Quiapo () is a district of the city of Manila, in the National Capital Region of the Philippines. Referred to as the "Old Downtown of Manila", Quiapo is home to the Quiapo Church, where the feast of the Black Nazarene is held with millions of people attending annually. Quiapo has also made a name for itself as a place for marketplace bargain hunting.

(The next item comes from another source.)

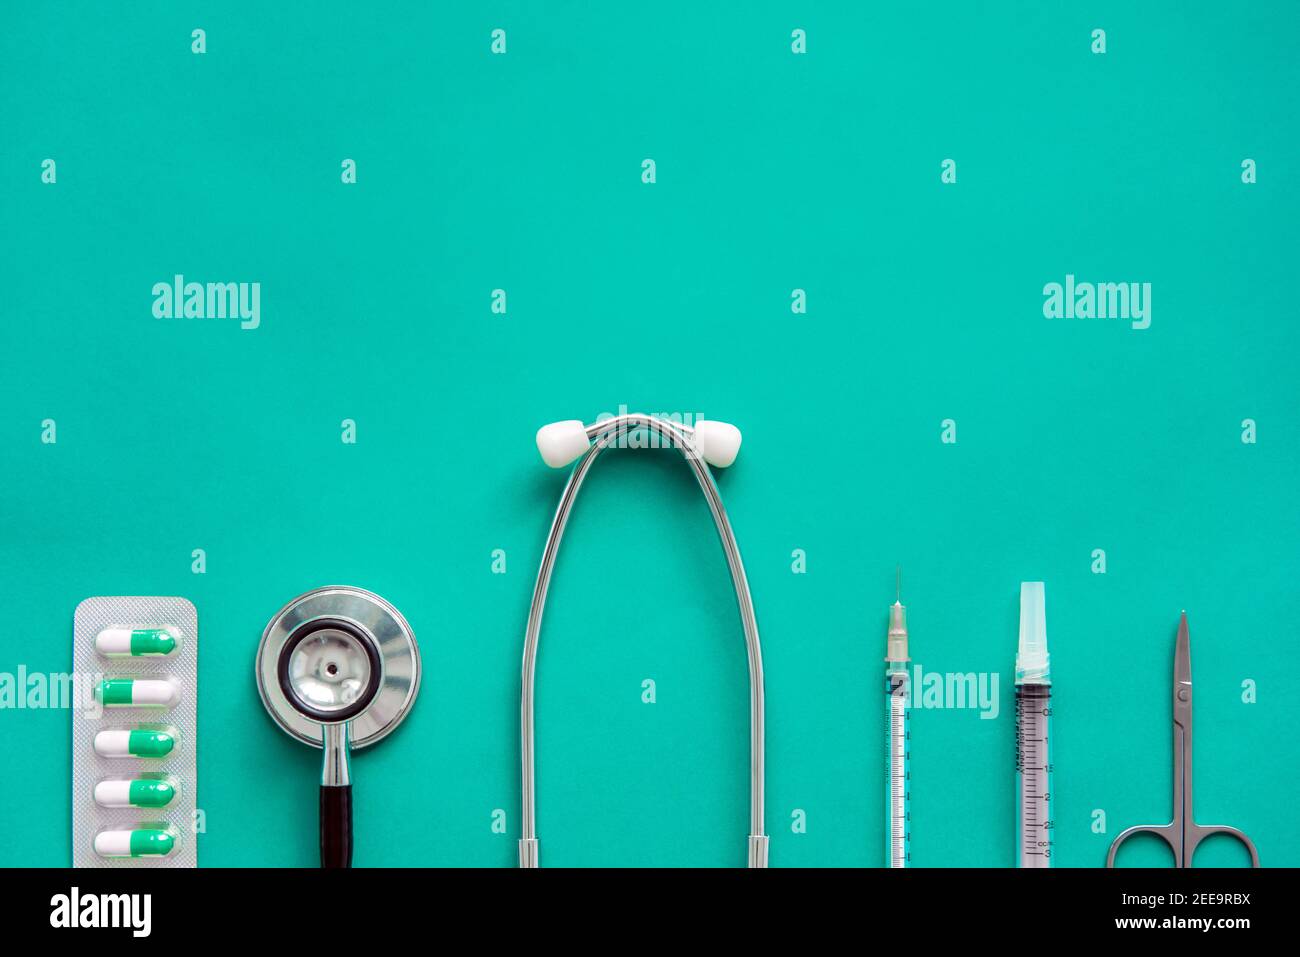 Medical equipments including stethoscope, scissors, syringes and capsules on green background, top view Stock Photo

Quiapo is geographically located at the very center of the city of Manila. It is bounded by the Pasig River and Estero de San Miguel to the south, San Miguel to the east, Recto Avenue to the north and Rizal Avenue to the west.

Etymology
Quiapo's name is derived from the abundance of water cabbage (Pistia stratiotes), called kiyapo in Tagalog (spelled quiapo in Philippine Spanish) in the nearby Pasig River. The town of Cuyapo in Nueva Ecija is also named after the same plant.

History 
Since the American insular government and commonwealth periods through to the late 1970s, Quiapo shared its status as the center of the activities of Manila's social elites as well as trade, fashion, art and higher learning with its surrounding vicinity (Avenida Rizal, Santa Cruz, Escolta and the University Belt). However, with the construction of the Manila Light Rail Transit System's LRT-1 spanning over Rizal Avenue, the occlusion of light, the trapping of smog and vehicle emissions left the streets beneath dark, gloomy and with an increase in crime and transients.  Consequently, many long-time establishments vacated the area.  Following the People Power Revolution in 1986, the vibrancy of Quiapo further diminished, with the void filled by makeshift markets to accommodate visitors to the Quiapo Church.

Community 
Plaza Miranda, in the heart of the Quiapo district, is a town square named after Jose Sandino y Miranda, who served as secretary of the treasury of the Philippines from 1853 to 1863. It is located in front of the Quiapo Church, and has become a popular site for political rallies. On August 21, 1971, while the Liberal Party held its miting de avance in the plaza, a bomb exploded, killing nine and injuring almost 100 civilians.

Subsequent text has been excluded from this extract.